» EXERCISE DETAILS
Pictures are to be left out, and only the lines below starting at the one with "Gwyneth Paltrow who are her parents" and ending at the one with "Wind Sword Chapter 5 Page 3" are to be reproduced, each exactly, both ends included.

» DATASET ENTRIES
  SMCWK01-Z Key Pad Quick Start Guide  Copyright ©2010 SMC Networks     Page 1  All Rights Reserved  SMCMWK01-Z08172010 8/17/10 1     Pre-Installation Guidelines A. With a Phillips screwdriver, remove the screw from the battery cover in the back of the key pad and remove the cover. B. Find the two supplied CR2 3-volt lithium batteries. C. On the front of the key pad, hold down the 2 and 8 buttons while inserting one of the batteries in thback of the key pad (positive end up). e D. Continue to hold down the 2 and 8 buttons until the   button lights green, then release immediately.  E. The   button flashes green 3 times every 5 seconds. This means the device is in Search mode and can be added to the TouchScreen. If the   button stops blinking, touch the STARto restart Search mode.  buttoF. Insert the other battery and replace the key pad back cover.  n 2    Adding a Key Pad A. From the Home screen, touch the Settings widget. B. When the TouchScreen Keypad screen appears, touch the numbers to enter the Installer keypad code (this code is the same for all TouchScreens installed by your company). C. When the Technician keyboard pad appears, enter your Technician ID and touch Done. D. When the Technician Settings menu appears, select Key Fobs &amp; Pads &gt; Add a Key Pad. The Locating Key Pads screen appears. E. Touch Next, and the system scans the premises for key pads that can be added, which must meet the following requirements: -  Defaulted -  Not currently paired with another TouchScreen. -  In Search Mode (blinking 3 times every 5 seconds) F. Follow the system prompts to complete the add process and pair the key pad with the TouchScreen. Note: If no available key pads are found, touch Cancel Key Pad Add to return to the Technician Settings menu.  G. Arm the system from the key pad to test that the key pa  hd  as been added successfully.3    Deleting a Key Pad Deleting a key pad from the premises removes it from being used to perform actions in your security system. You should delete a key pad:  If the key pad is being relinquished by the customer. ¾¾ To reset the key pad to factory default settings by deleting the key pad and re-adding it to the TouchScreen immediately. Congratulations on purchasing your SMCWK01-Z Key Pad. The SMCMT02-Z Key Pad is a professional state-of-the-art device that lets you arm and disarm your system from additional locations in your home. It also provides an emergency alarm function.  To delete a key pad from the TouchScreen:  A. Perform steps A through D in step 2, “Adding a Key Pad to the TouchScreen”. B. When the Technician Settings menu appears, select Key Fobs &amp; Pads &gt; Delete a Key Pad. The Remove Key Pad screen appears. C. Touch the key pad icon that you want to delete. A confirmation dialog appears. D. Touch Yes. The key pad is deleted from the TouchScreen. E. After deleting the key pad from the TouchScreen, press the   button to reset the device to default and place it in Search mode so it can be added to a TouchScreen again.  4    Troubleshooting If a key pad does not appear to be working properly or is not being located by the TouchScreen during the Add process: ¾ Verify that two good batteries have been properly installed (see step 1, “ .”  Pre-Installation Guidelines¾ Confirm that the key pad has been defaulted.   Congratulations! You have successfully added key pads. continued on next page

* * *

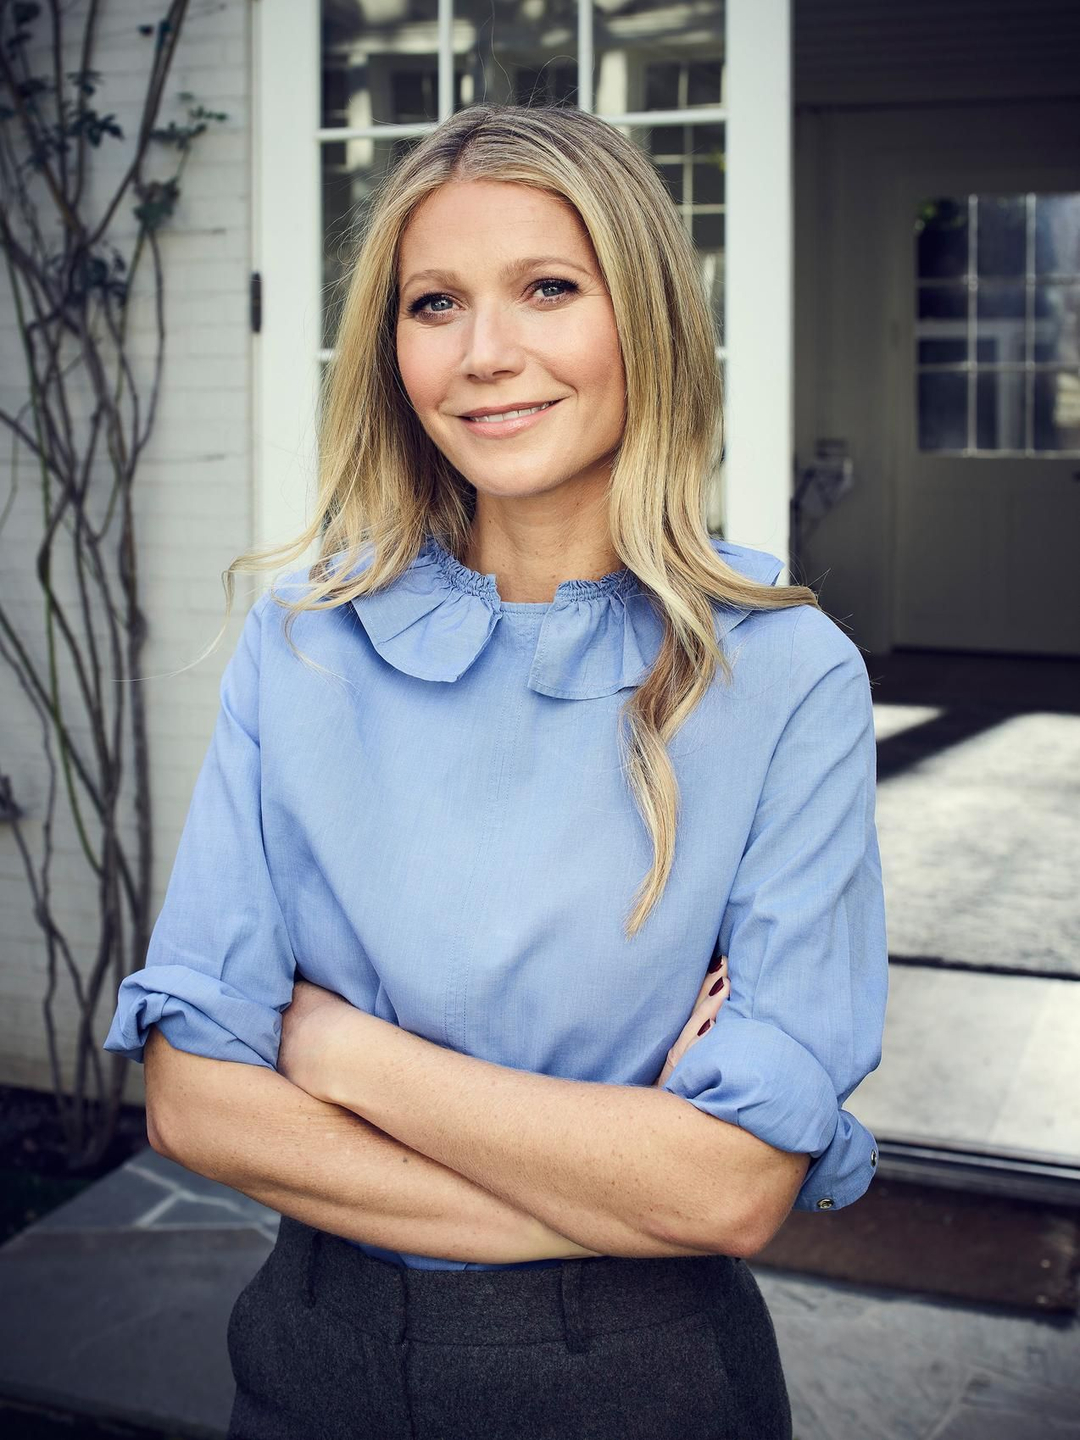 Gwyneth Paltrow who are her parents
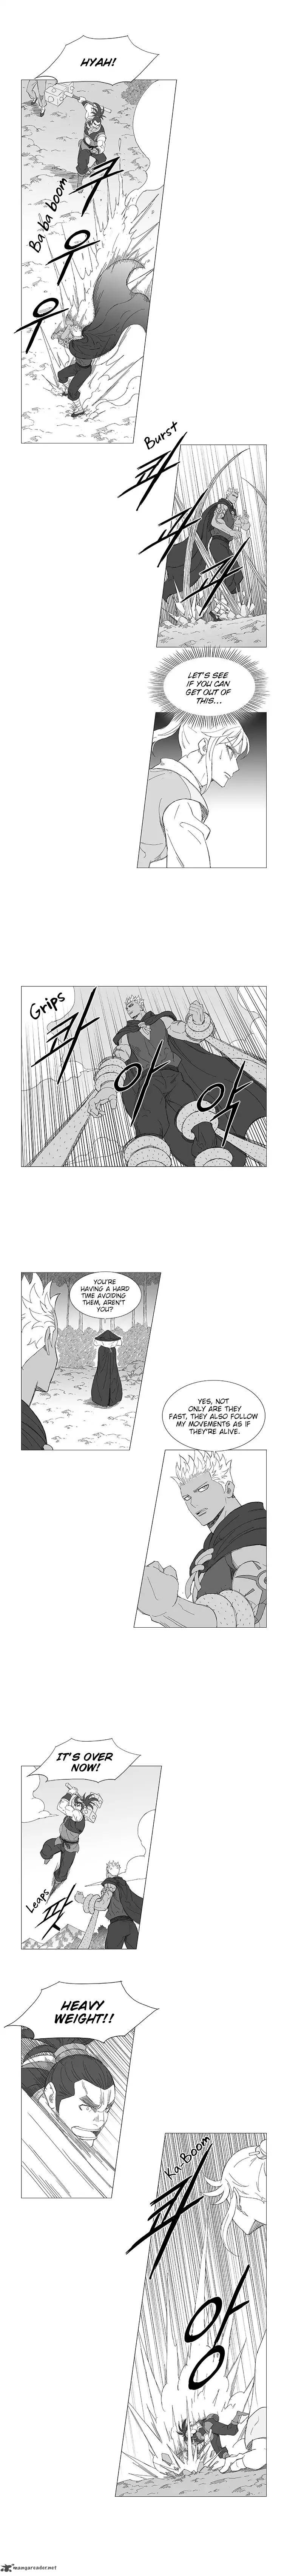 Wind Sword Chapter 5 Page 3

» EXPECTED ANSWER
 Gwyneth Paltrow who are her parents
 Wind Sword Chapter 5 Page 3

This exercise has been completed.